Rob Kaiser's latest data also shows that the most versatile leaders have in common that their careers have been characterized by change and many different types of challenges. They've worked in a variety of roles that required them to learn skills that didn't come easily or naturally to them. Versatile leaders moved between different functions, industries and organizations, taking on difficult tasks with heterogeneous groups of employees.  

With this in mind, we can conclude that versatility is more than just another leadership competency. It is a meta-competency that reflects both the ability to balance conflicting demands for behavior and the ability to cultivate knowledge about which behaviors are most appropriate in which situations - and to what extent - combined with the courage to put oneself in a learning context. 
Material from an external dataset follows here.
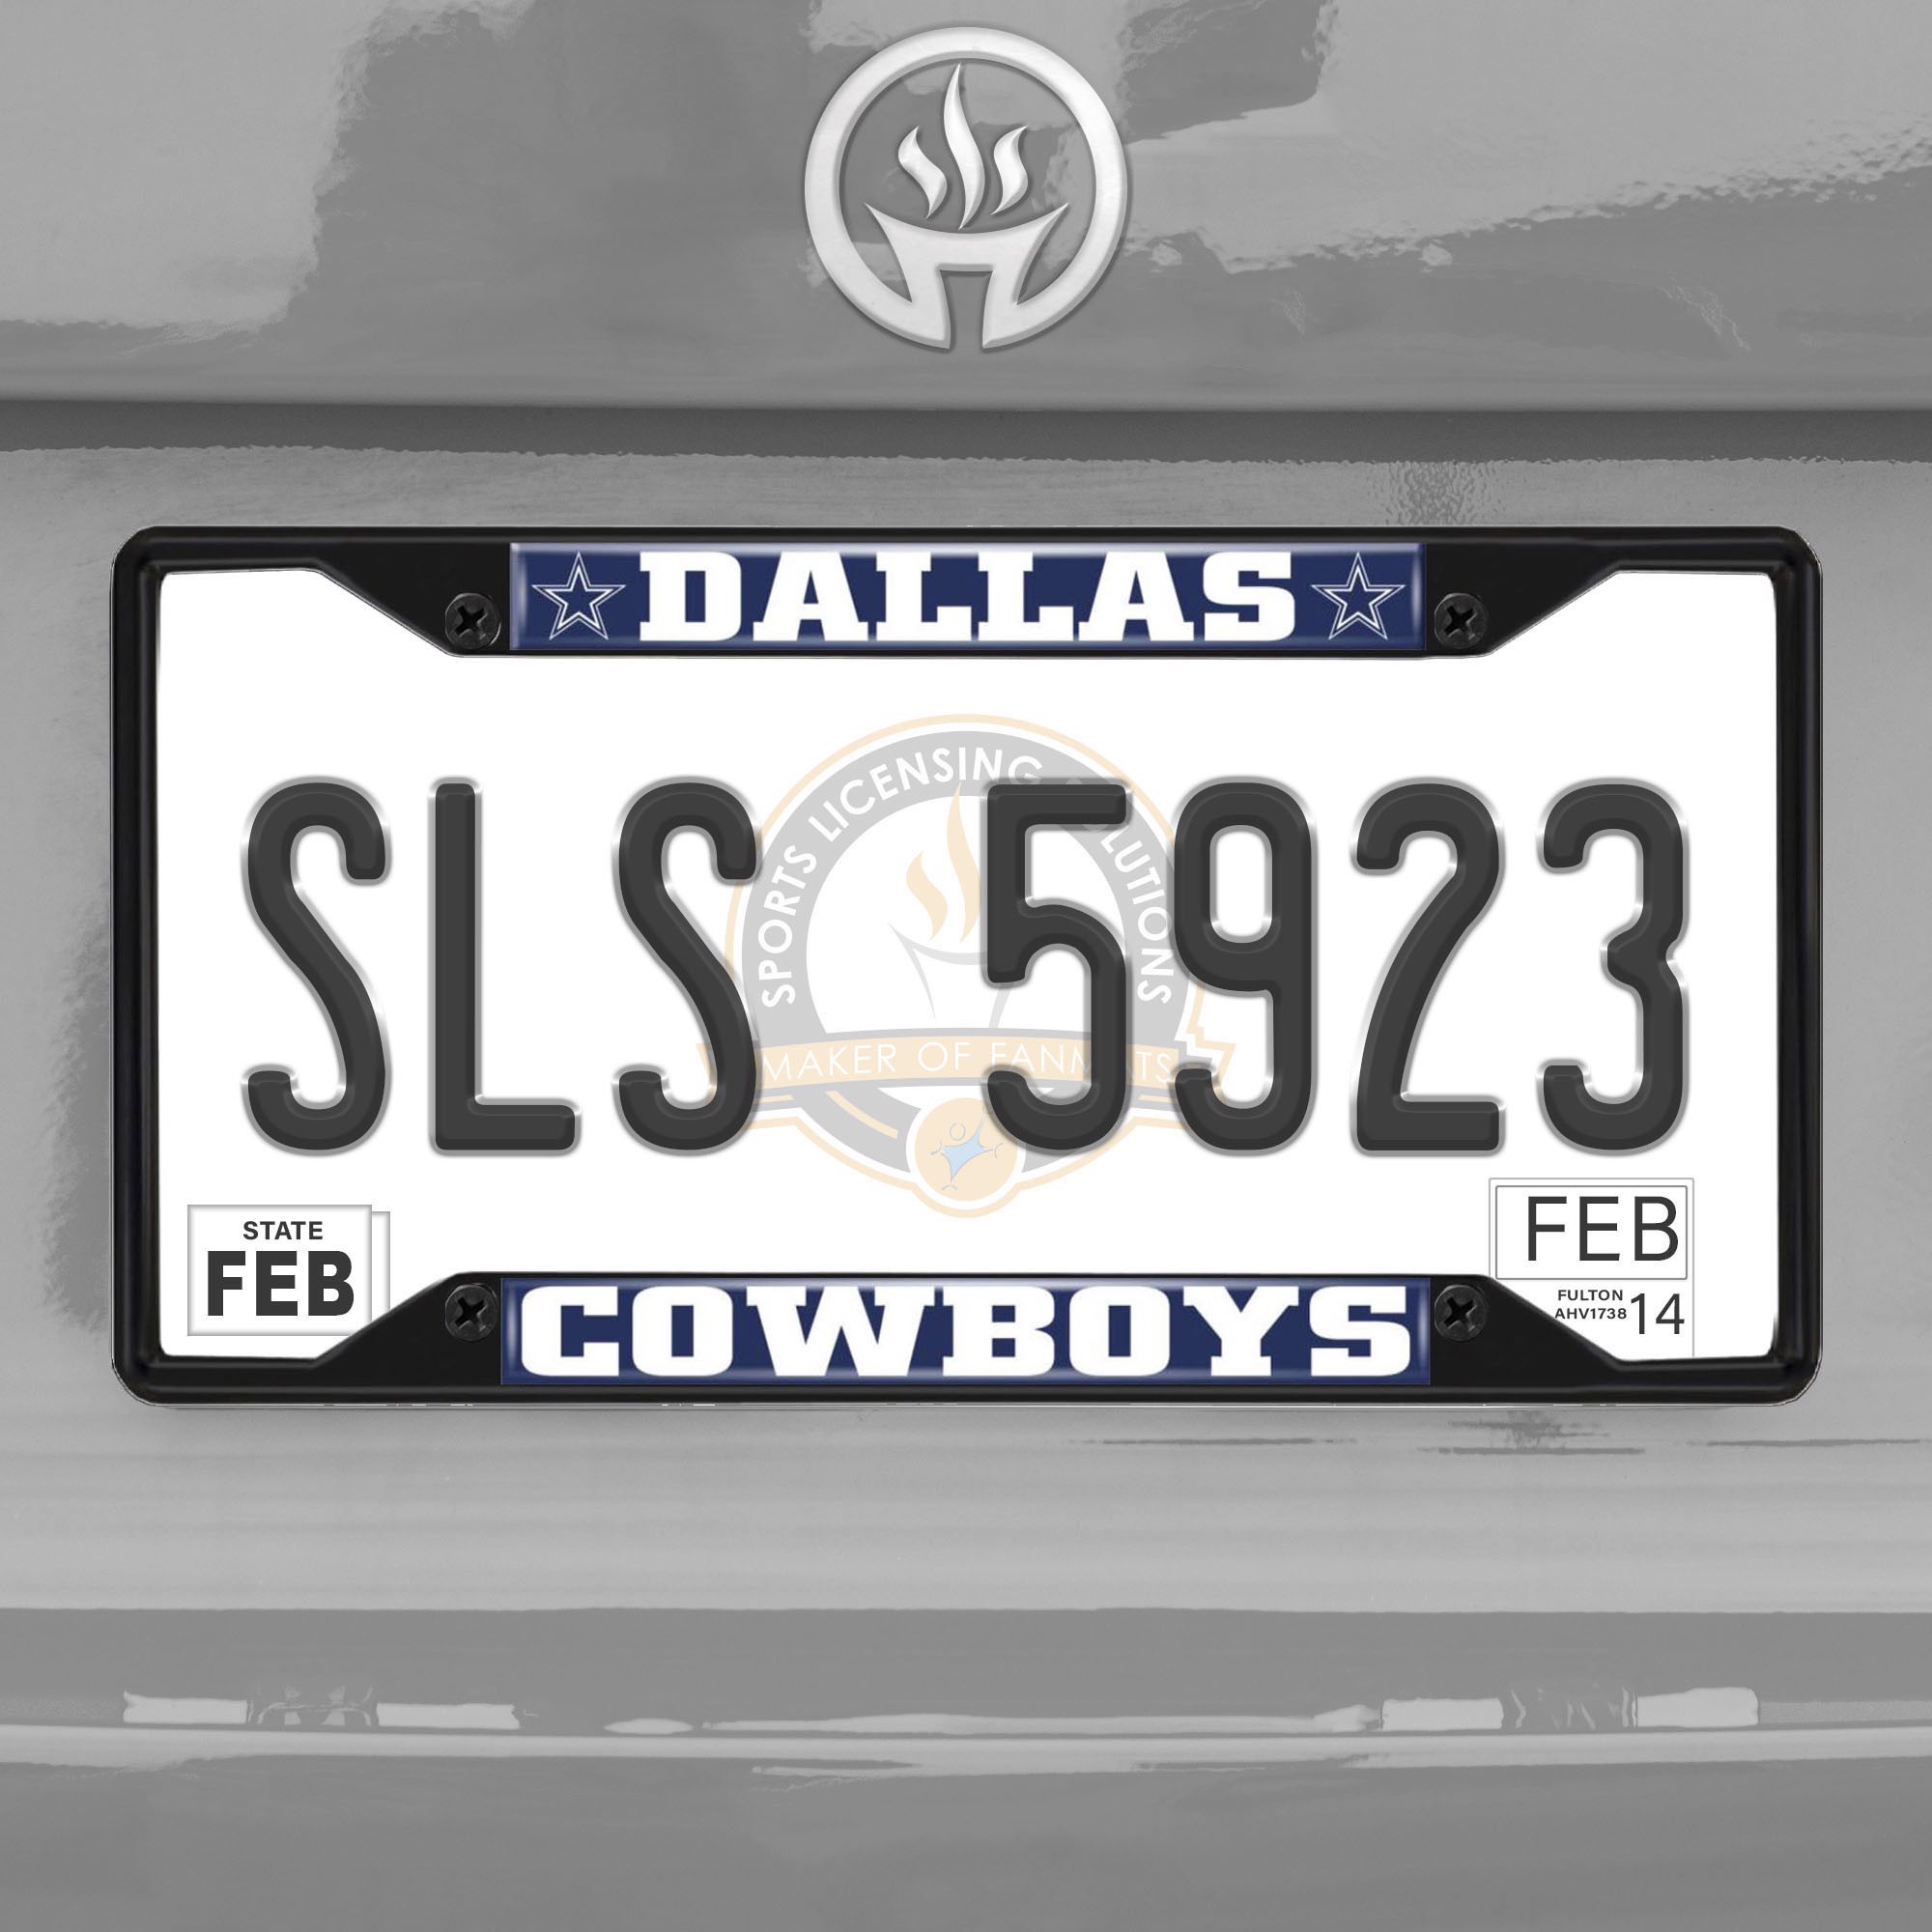 NFL Dallas Cowboys Metal License Plate Tag

Three paths to more versatile leadership 

If you want to achieve a higher degree of versatility in your leadership, there are three common principles we recommend: 

Self-reflection and the ability to become visible to yourself: To become more versatile as a leader, you need to understand your preferences and inclinations. Which behaviors come naturally to you and which don't? Recognizing your own beliefs and the options they open and close in your leadership is the first place to start when you want to strengthen your leadership skills 

Courage to learn: The leader must also move outside their comfort zone. It sounds like a cliché, but research emphasizes that versatile leaders have in common that they seek out challenging learning situations. In these situations, leaders can more easily learn how to work with skills that don't come naturally and develop a sensitivity to environments outside of their own preferences. 

Constantly evolving leadership identity: Many leaders like to draw clear lines, even when it comes to themselves. They tend to understand and portray themselves in polarized terms. They are one or the other and may idealize the way they lead. But versatility rests on the ability to be nuanced and do both.